### Provided material:
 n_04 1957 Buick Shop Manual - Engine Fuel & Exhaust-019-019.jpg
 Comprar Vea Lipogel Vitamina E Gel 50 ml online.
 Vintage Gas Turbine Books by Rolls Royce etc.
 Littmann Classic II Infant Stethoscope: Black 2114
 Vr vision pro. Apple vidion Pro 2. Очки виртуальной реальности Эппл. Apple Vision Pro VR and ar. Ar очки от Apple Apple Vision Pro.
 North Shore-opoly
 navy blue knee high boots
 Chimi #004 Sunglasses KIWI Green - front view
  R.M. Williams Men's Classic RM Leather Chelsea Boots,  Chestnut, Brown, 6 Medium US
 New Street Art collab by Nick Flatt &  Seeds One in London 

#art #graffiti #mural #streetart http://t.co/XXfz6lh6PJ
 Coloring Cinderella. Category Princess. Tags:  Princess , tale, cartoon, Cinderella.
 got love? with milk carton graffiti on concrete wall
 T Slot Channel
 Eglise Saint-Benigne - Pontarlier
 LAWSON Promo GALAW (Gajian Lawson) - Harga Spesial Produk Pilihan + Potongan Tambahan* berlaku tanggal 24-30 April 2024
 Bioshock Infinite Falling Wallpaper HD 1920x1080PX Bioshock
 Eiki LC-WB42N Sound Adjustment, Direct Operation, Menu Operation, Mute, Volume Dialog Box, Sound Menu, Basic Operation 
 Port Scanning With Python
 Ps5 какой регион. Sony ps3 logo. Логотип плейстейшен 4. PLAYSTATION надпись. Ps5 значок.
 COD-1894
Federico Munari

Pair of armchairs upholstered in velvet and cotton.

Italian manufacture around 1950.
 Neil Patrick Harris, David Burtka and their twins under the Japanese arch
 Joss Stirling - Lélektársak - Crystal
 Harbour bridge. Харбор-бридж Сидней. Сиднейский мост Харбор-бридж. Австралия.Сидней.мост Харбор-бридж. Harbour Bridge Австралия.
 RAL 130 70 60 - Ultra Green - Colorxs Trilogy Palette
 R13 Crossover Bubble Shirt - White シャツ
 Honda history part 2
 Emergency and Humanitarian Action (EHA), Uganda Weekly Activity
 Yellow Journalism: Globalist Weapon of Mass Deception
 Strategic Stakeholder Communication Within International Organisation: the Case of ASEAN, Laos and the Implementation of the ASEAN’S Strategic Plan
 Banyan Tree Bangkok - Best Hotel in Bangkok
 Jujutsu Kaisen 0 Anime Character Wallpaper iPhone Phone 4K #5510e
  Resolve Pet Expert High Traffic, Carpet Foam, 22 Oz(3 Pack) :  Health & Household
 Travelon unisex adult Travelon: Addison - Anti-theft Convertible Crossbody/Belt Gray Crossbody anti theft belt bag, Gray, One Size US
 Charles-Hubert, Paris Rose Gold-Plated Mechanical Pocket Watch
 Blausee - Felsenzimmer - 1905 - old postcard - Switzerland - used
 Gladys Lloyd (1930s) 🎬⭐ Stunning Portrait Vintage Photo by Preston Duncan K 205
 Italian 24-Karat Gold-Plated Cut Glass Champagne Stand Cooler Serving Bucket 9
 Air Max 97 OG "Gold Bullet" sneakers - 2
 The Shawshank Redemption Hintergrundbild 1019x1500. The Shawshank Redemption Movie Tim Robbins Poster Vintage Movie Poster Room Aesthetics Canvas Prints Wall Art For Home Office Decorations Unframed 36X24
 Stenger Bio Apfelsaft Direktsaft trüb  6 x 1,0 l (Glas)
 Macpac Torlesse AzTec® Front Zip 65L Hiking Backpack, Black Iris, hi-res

### Activity:
Would you output, from the records above, exactly the run of lines that starts at the line containing "Eglise Saint-Benigne - Pontarlier" and ends at the line containing "Jujutsu Kaisen 0", and only that run?

### Response area:
 Eglise Saint-Benigne - Pontarlier
 LAWSON Promo GALAW (Gajian Lawson) - Harga Spesial Produk Pilihan + Potongan Tambahan* berlaku tanggal 24-30 April 2024
 Bioshock Infinite Falling Wallpaper HD 1920x1080PX Bioshock
 Eiki LC-WB42N Sound Adjustment, Direct Operation, Menu Operation, Mute, Volume Dialog Box, Sound Menu, Basic Operation 
 Port Scanning With Python
 Ps5 какой регион. Sony ps3 logo. Логотип плейстейшен 4. PLAYSTATION надпись. Ps5 значок.
 COD-1894
Federico Munari

Pair of armchairs upholstered in velvet and cotton.

Italian manufacture around 1950.
 Neil Patrick Harris, David Burtka and their twins under the Japanese arch
 Joss Stirling - Lélektársak - Crystal
 Harbour bridge. Харбор-бридж Сидней. Сиднейский мост Харбор-бридж. Австралия.Сидней.мост Харбор-бридж. Harbour Bridge Австралия.
 RAL 130 70 60 - Ultra Green - Colorxs Trilogy Palette
 R13 Crossover Bubble Shirt - White シャツ
 Honda history part 2
 Emergency and Humanitarian Action (EHA), Uganda Weekly Activity
 Yellow Journalism: Globalist Weapon of Mass Deception
 Strategic Stakeholder Communication Within International Organisation: the Case of ASEAN, Laos and the Implementation of the ASEAN’S Strategic Plan
 Banyan Tree Bangkok - Best Hotel in Bangkok
 Jujutsu Kaisen 0 Anime Character Wallpaper iPhone Phone 4K #5510e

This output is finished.